CONCLUSION: Automata-based polling may be useful to indicate presence of mucosal atrophy, indicative of celiac disease, across the entire small bowel, though this must be confirmed in a larger patient set. Since the method is quantitative and automated, it can potentially eliminate observer bias and enable the detection of subtle abnormality in patients lacking a clear diagnosis. Our paradigm was found to be more efficacious at proximal small intestinal locations, which may suggest a greater presence and severity of villous atrophy at proximal as compared with distal locations.

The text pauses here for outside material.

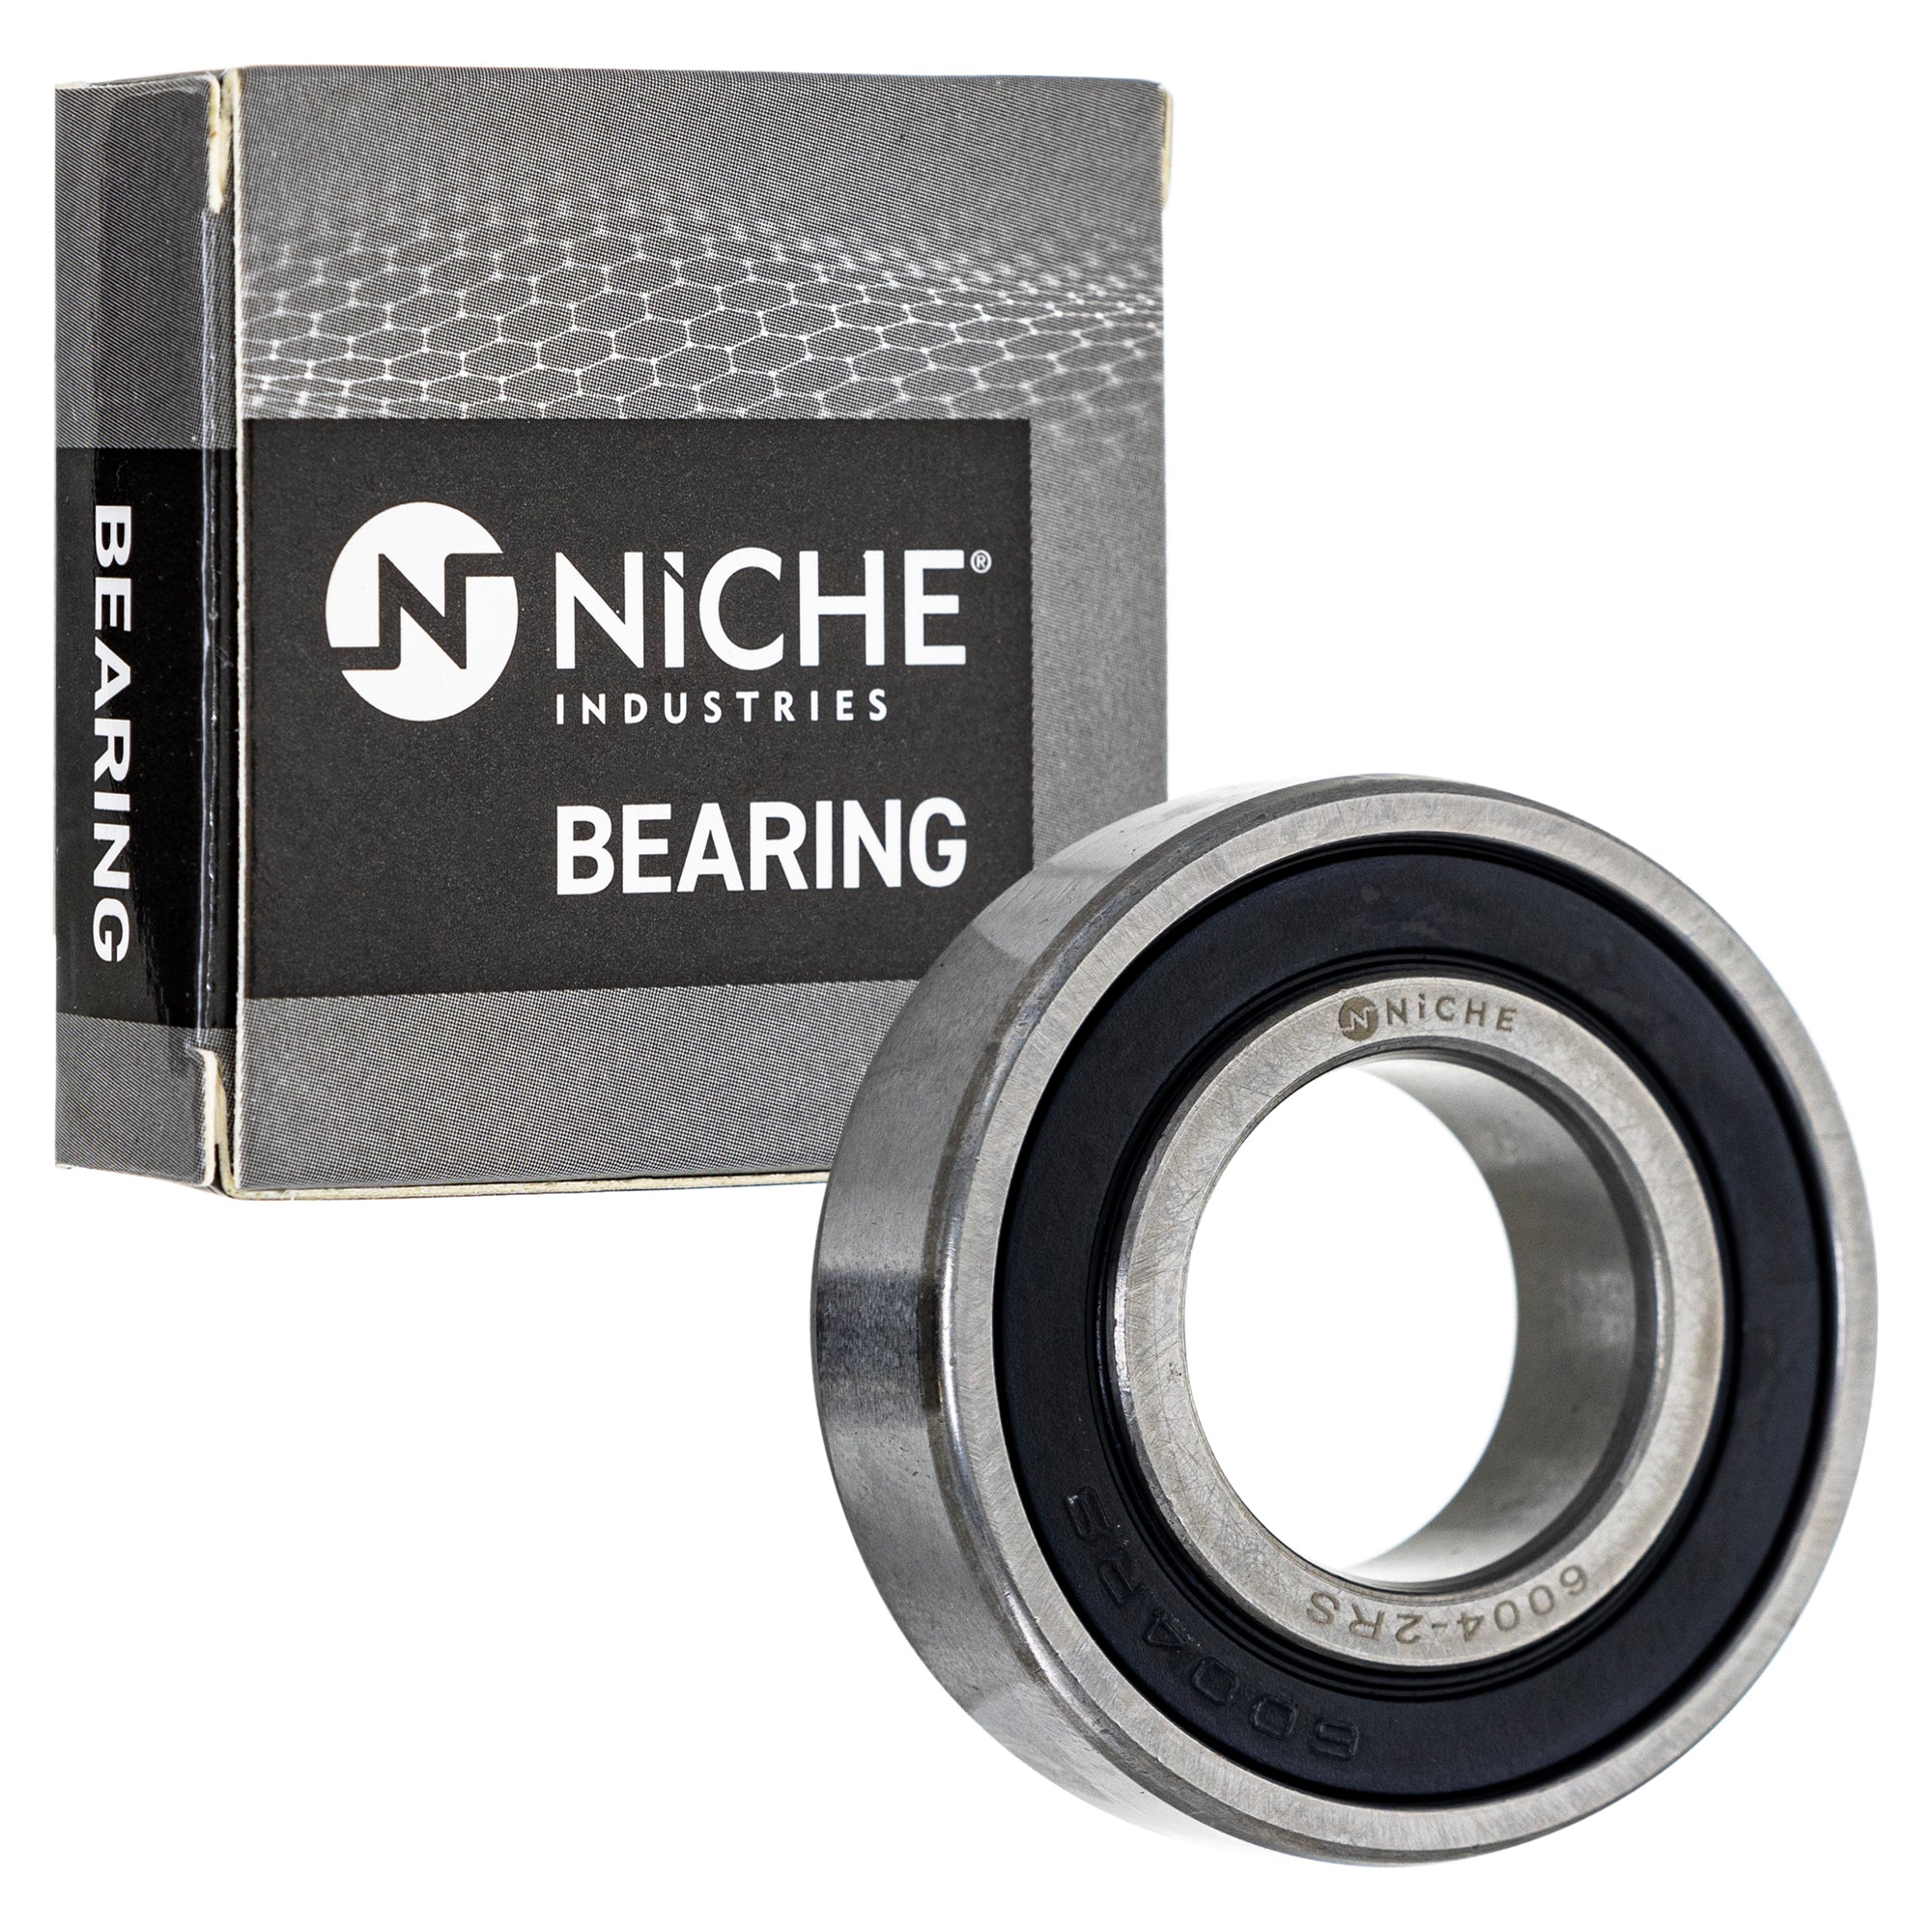 NICHE MK1008778 Wheel Bearing Kit for zOTHER Ref No KL650

Keywords: Automata; Celiac disease; Small intestine; Videocapsule; Villous atrophy

Core tip: Videocapsule endoscopy images from celiac disease patients and controls were extracted from video clips and compared using image processing. The image processor consists of 24 automated measurements, or automata. The values of these automata were polled for yes or no vote, which depended on a predetermined threshold value set for each measurement. The polling process predicted whether the patient had celiac disease, based on majority vote from the 24 automata. Celiac patients with even subtle villous atrophy were distinguished from controls by this method. For 16 patients, the overall sensitivity, specificity, and accuracy of the method was 83.9%, 92.9%, and 88.1%, respectively.